Conditional independence testing under misspecified inductive biases
- URL: http://arxiv.org/abs/2307.02520v2
- Date: Fri, 27 Oct 2023 22:33:18 GMT
- Title: Conditional independence testing under misspecified inductive biases
- Authors: Felipe Maia Polo, Yuekai Sun, Moulinath Banerjee
- Abstract summary: We study the performance of regression-based CI tests under misspecified inductive biases.
Namely, we propose new approximations or upper bounds for the testing errors of three regression-based tests.
We introduce the Rao-Blackwellized Predictor Test (RBPT), a regression-based CI test robust against misspecified inductive biases.
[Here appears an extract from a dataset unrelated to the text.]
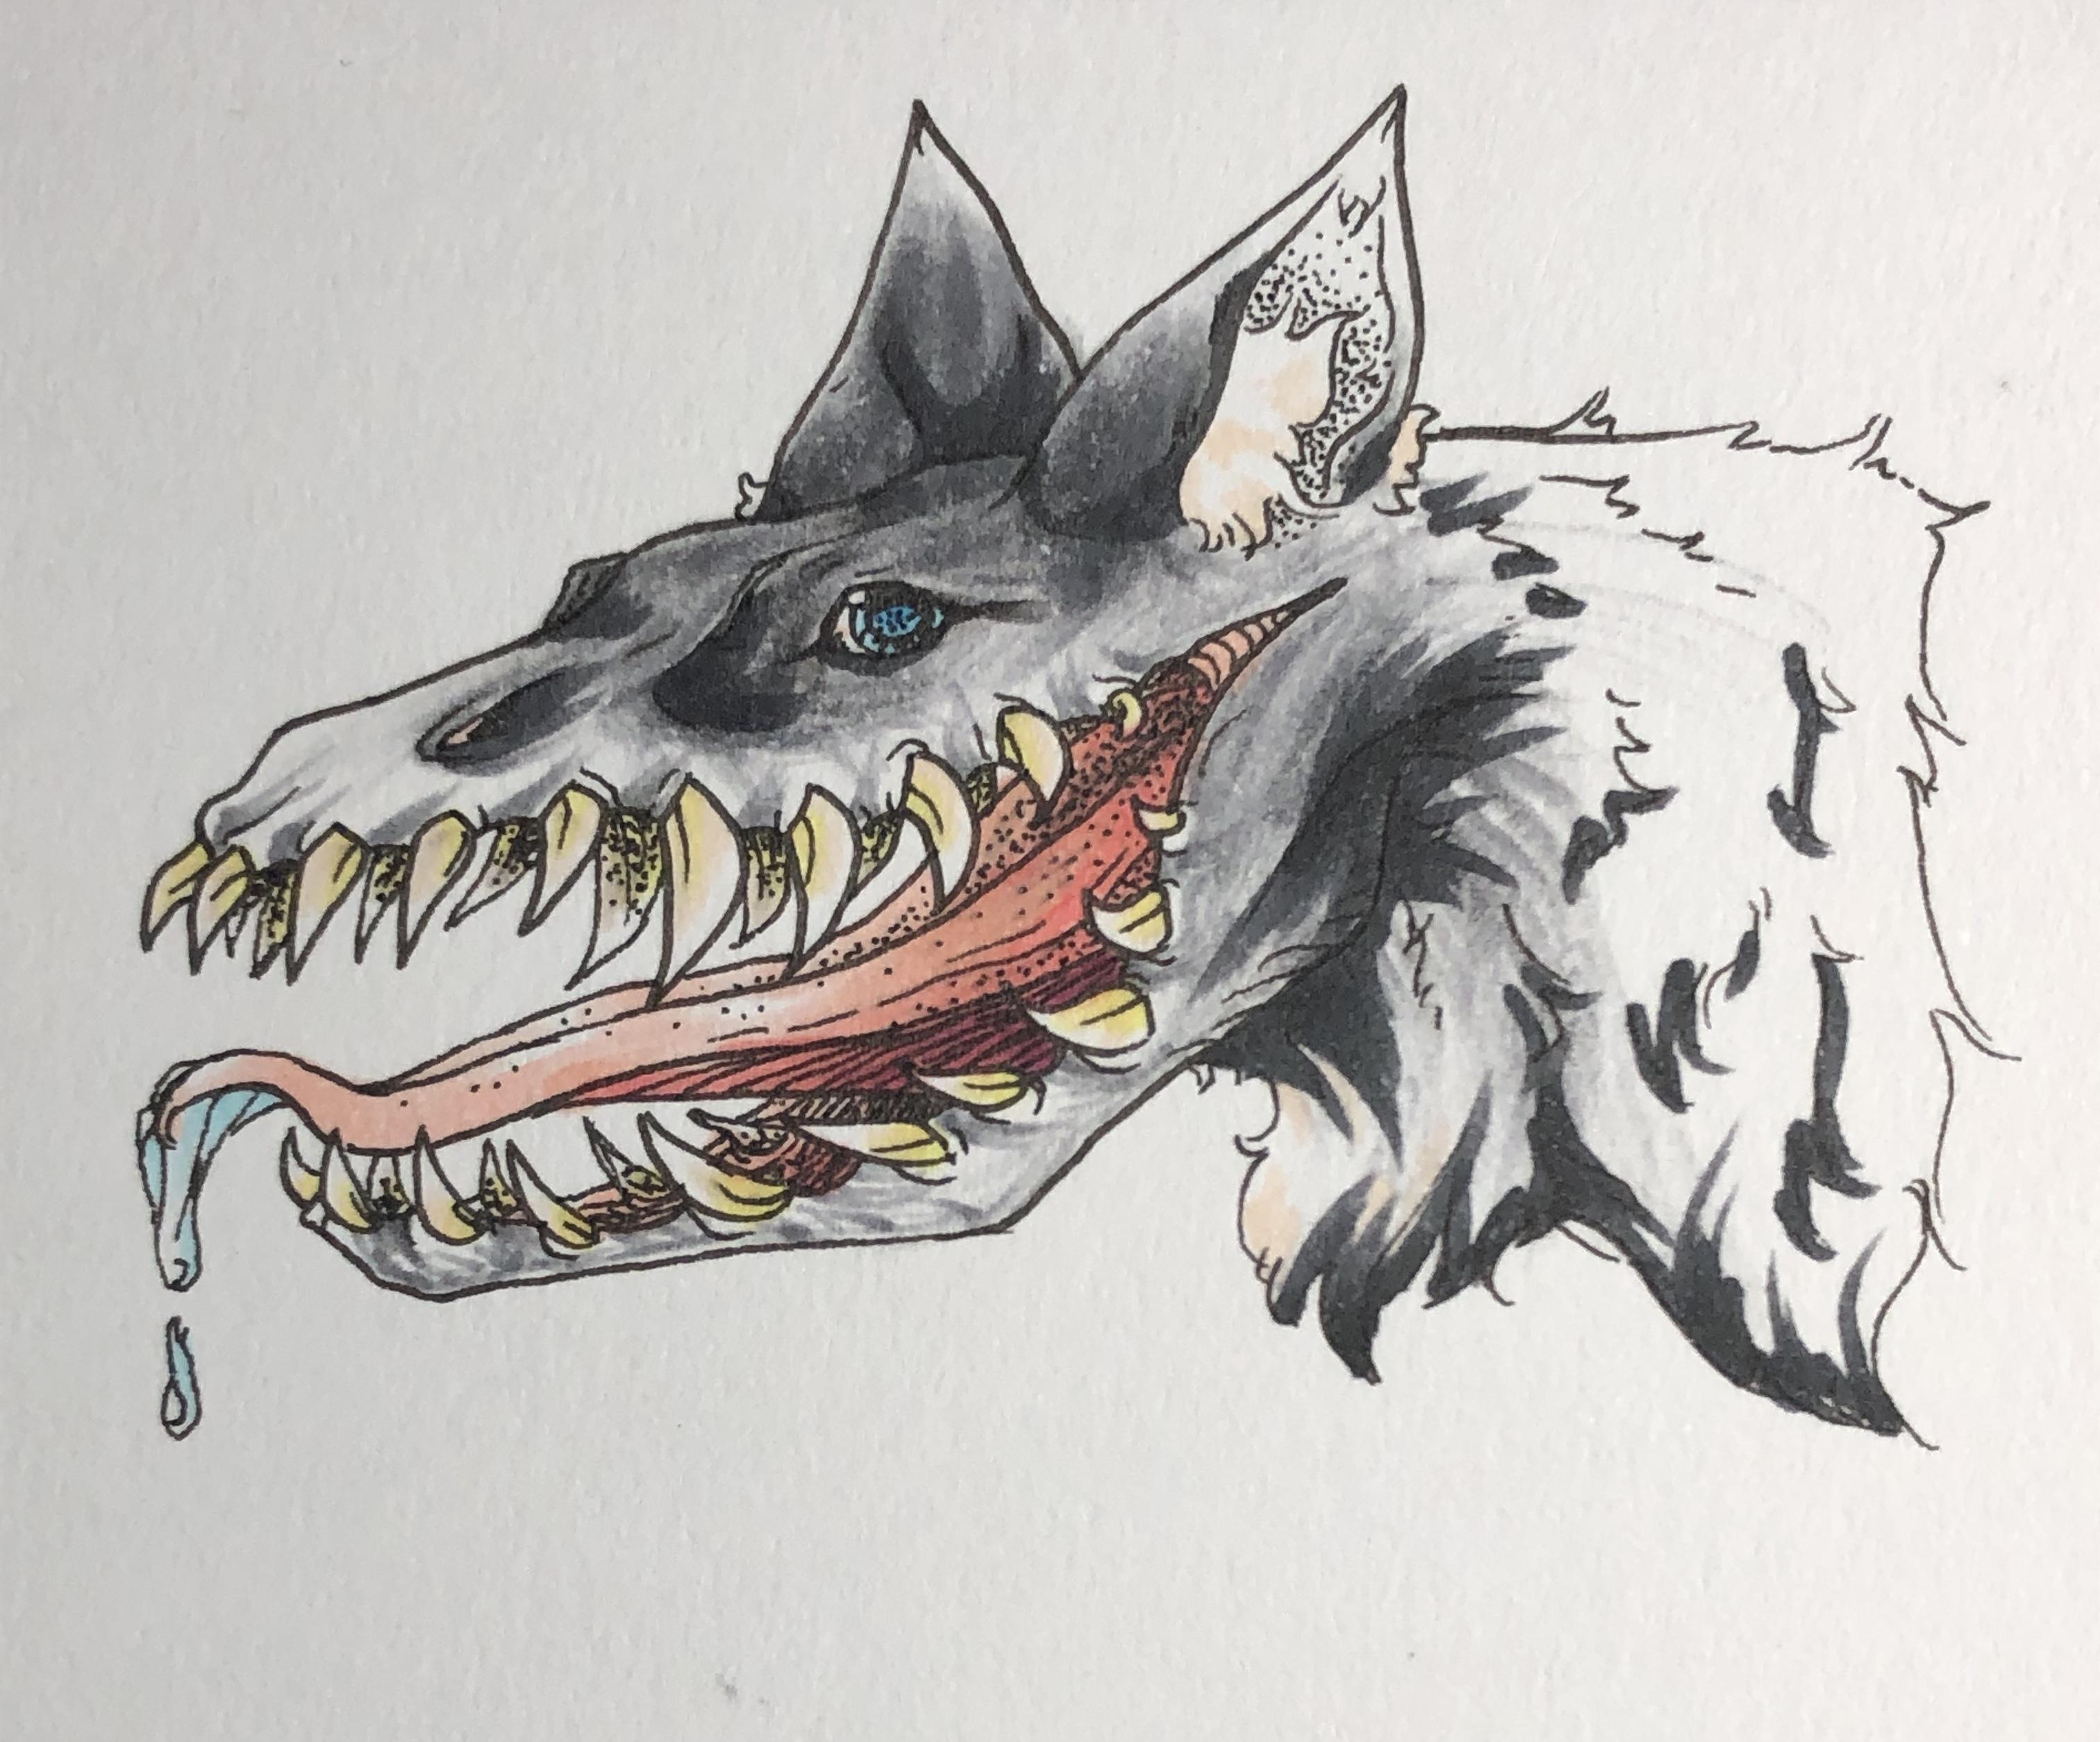 Monster Doggo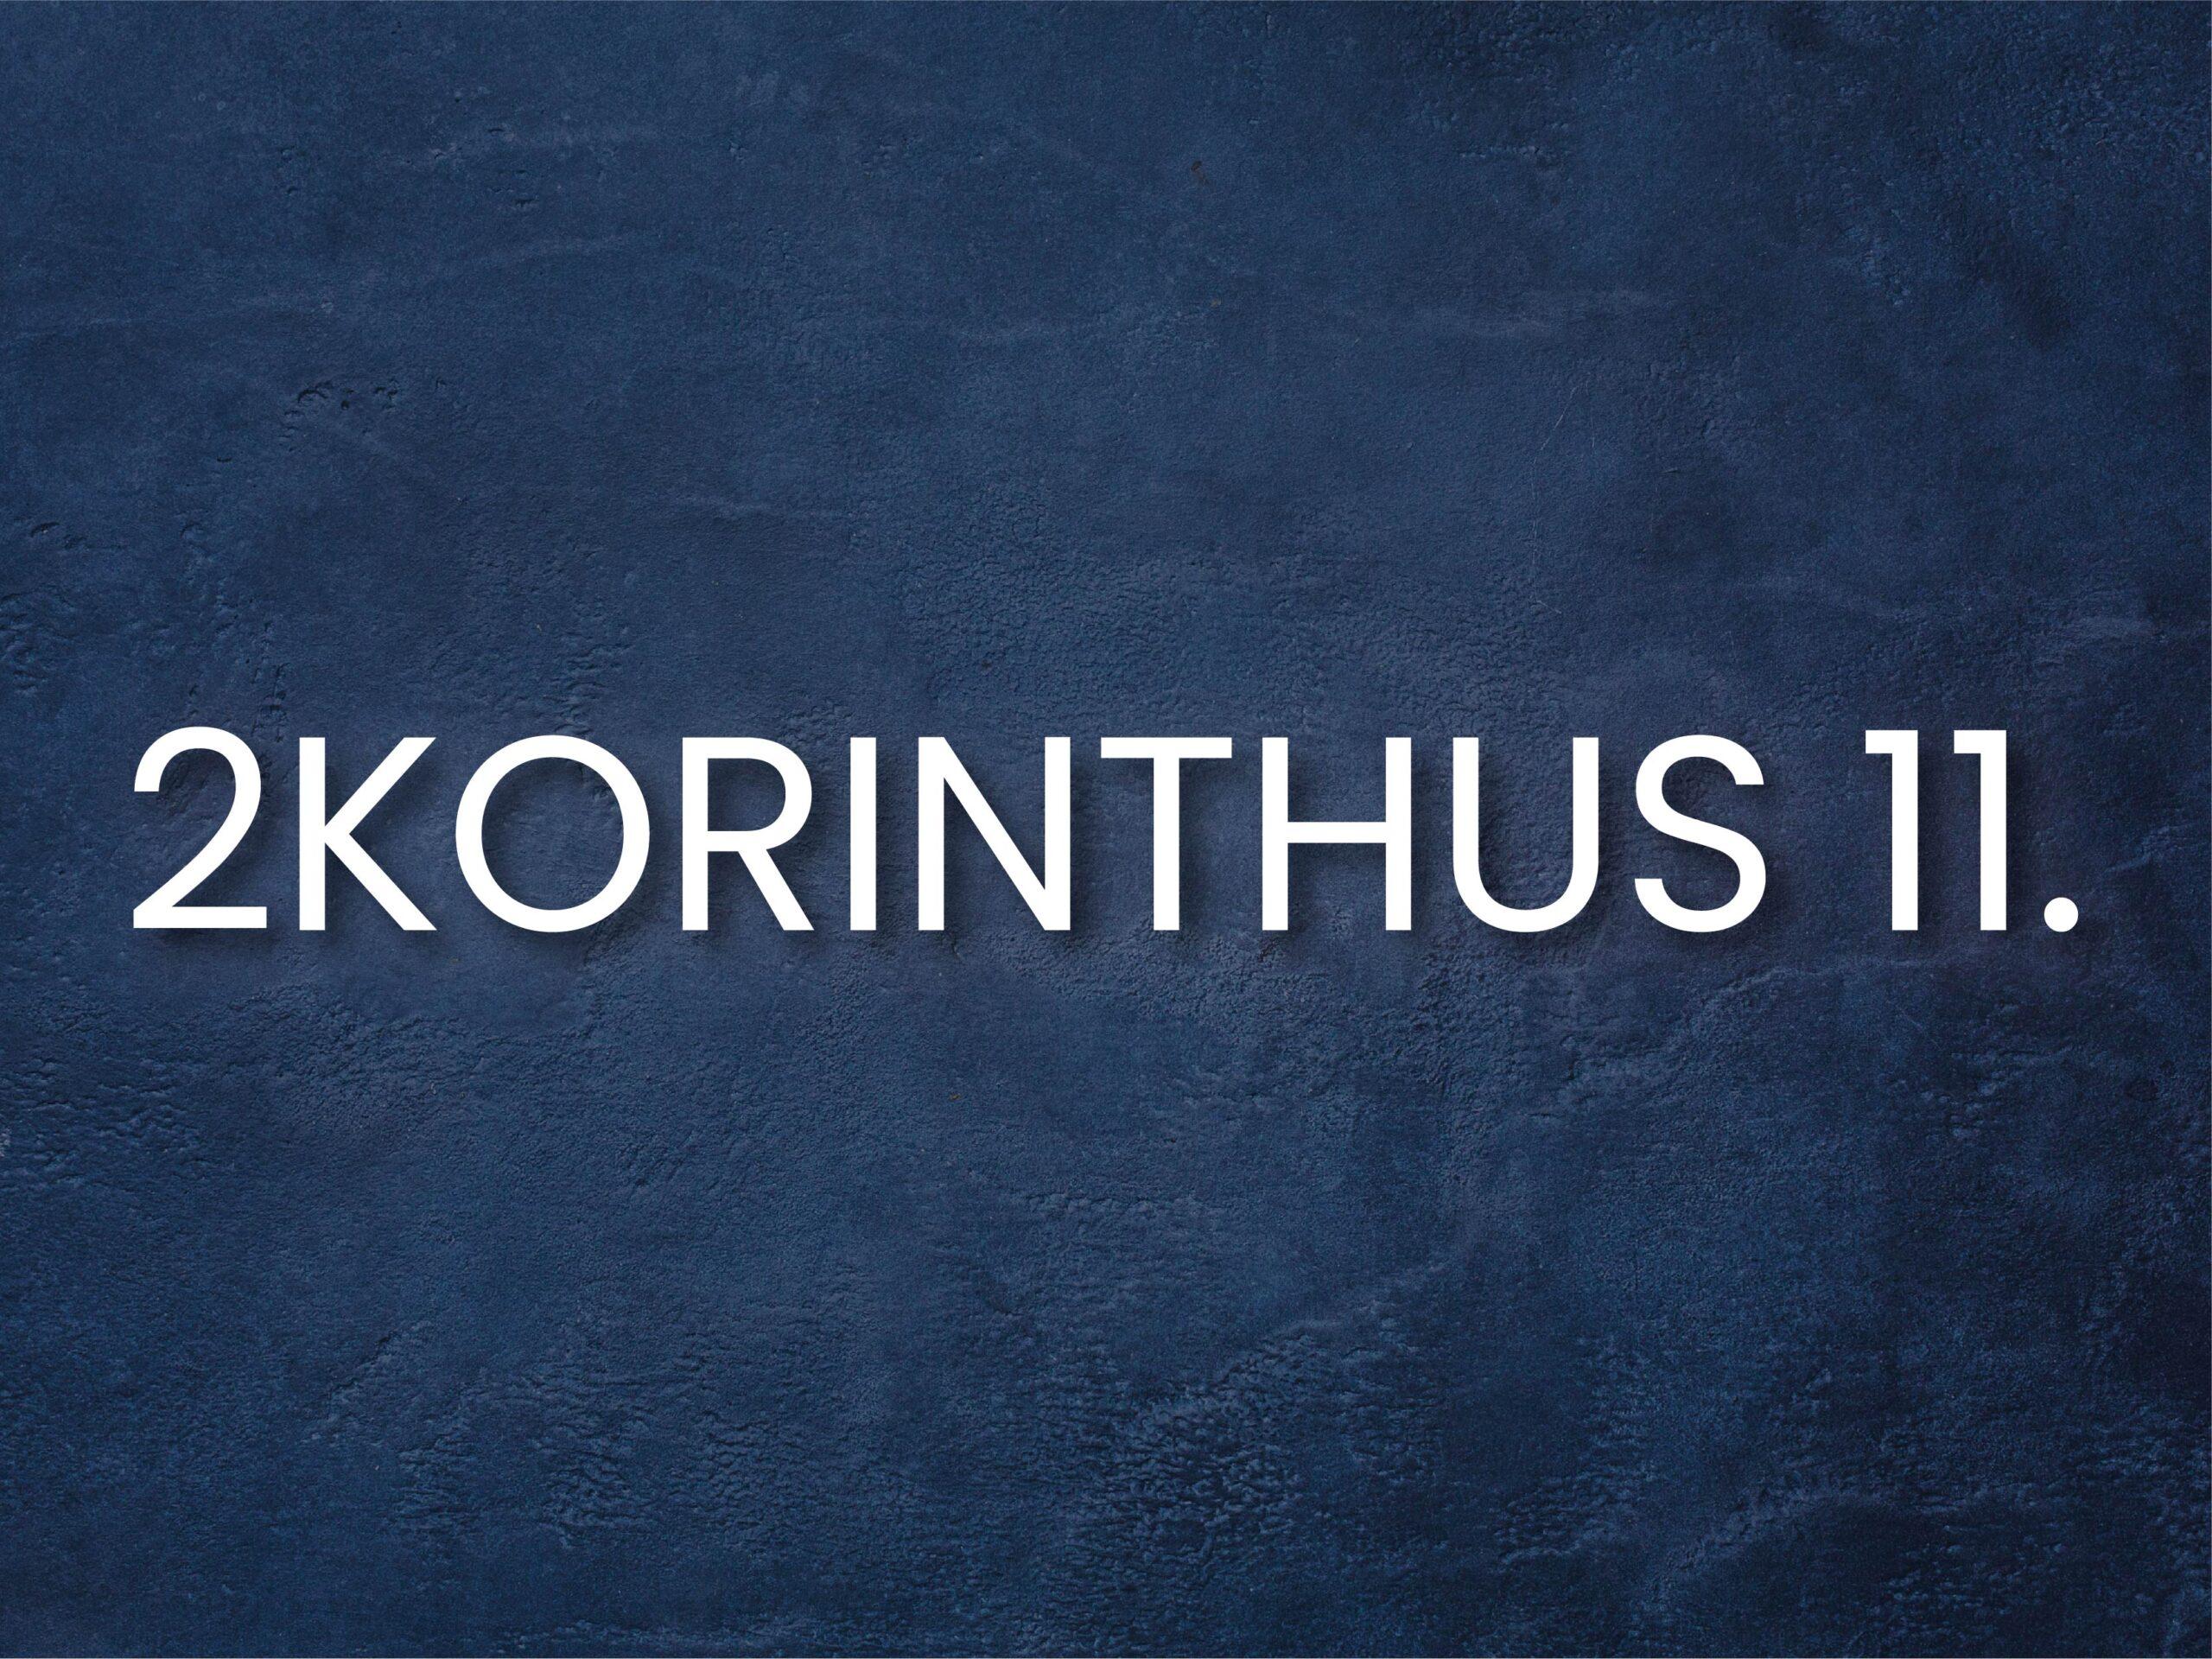 INFO_2korinthus_11

- Score: 27.34558936393097
- License: http://creativecommons.org/licenses/by/4.0/
- Abstract: Conditional independence (CI) testing is a fundamental and challenging task
in modern statistics and machine learning. Many modern methods for CI testing
rely on powerful supervised learning methods to learn regression functions or
Bayes predictors as an intermediate step; we refer to this class of tests as
regression-based tests. Although these methods are guaranteed to control Type-I
error when the supervised learning methods accurately estimate the regression
functions or Bayes predictors of interest, their behavior is less understood
when they fail due to misspecified inductive biases; in other words, when the
employed models are not flexible enough or when the training algorithm does not
induce the desired predictors. Then, we study the performance of
regression-based CI tests under misspecified inductive biases. Namely, we
propose new approximations or upper bounds for the testing errors of three
regression-based tests that depend on misspecification errors. Moreover, we
introduce the Rao-Blackwellized Predictor Test (RBPT), a regression-based CI
test robust against misspecified inductive biases. Finally, we conduct
experiments with artificial and real data, showcasing the usefulness of our
theory and methods.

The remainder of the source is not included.